Do that. Can you imagine listening to Paul the Apostle and even having the thought, well, I don't know if that's true. And somebody go, what do you mean that's not true? That's Paul the Apostle, man. So, I want to make sure that that is in line with the scripture. I'm going to search the scriptures daily to see if what Paul just said is true. And Paul said, I like that.
They're more noble than those in Thessalonica because they did that. So, your mind matters to God. You are to love the Lord your God with all of your heart, mind, soul, and strength to think through things intelligently, clearly, critically. Be transformed by the renewing of your mind. That you may prove. Now, we've gone through the negative and the positive. Here's the practical.

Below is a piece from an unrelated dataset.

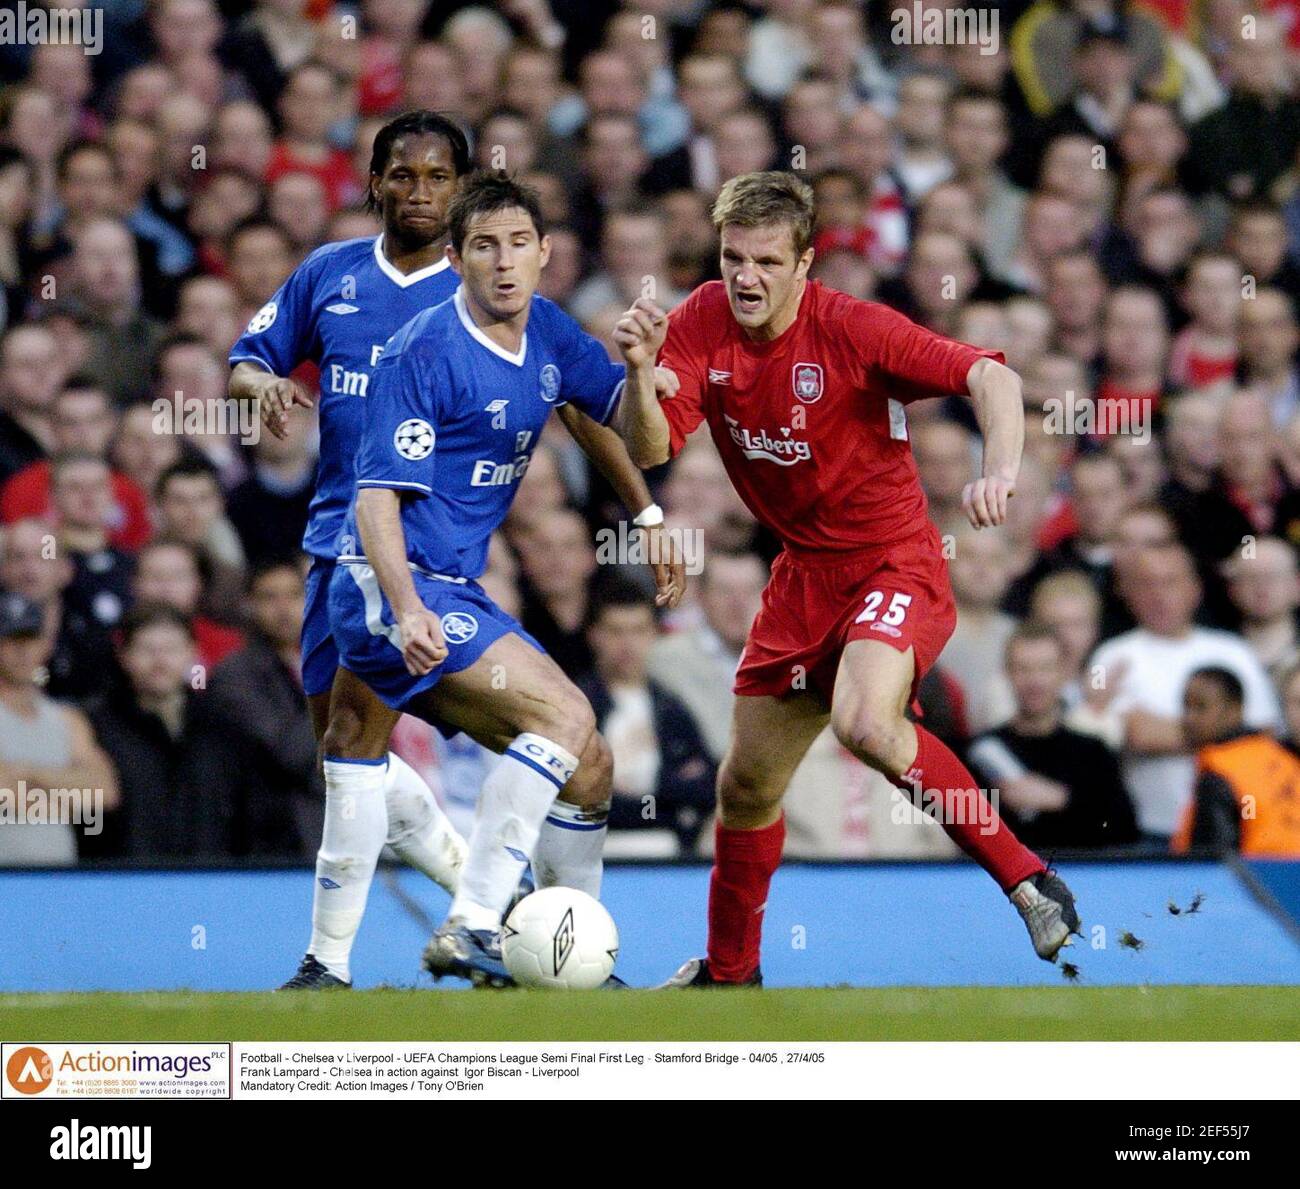 Football - Chelsea v Liverpool - UEFA Champions League Semi Final First Leg  - Stamford Bridge - 04/05 , 27/

The practical part is this is where it will lead you when you do that. When you don't conform, but you are transformed, you will prove, the result will be, you'll discover what is the good, acceptable, and perfect will of God. I don't think I've ever met a Christian who doesn't want to know the will of God. A person comes to know Christ. They're all excited that their sins are forgiven.
They have heaven waiting for them. They have purpose for life, but they quickly come to the place where they say, I wonder what God wants from my life, what he wants me to do, what area he be leading me into. What is the will of God? How do I discover the perfect will of God?
And then, unfortunately, some think, well, it must be difficult or it must be strange, weird in discovering the will of God. Maybe God will give me a sign. Maybe I'll hear a voice from heaven.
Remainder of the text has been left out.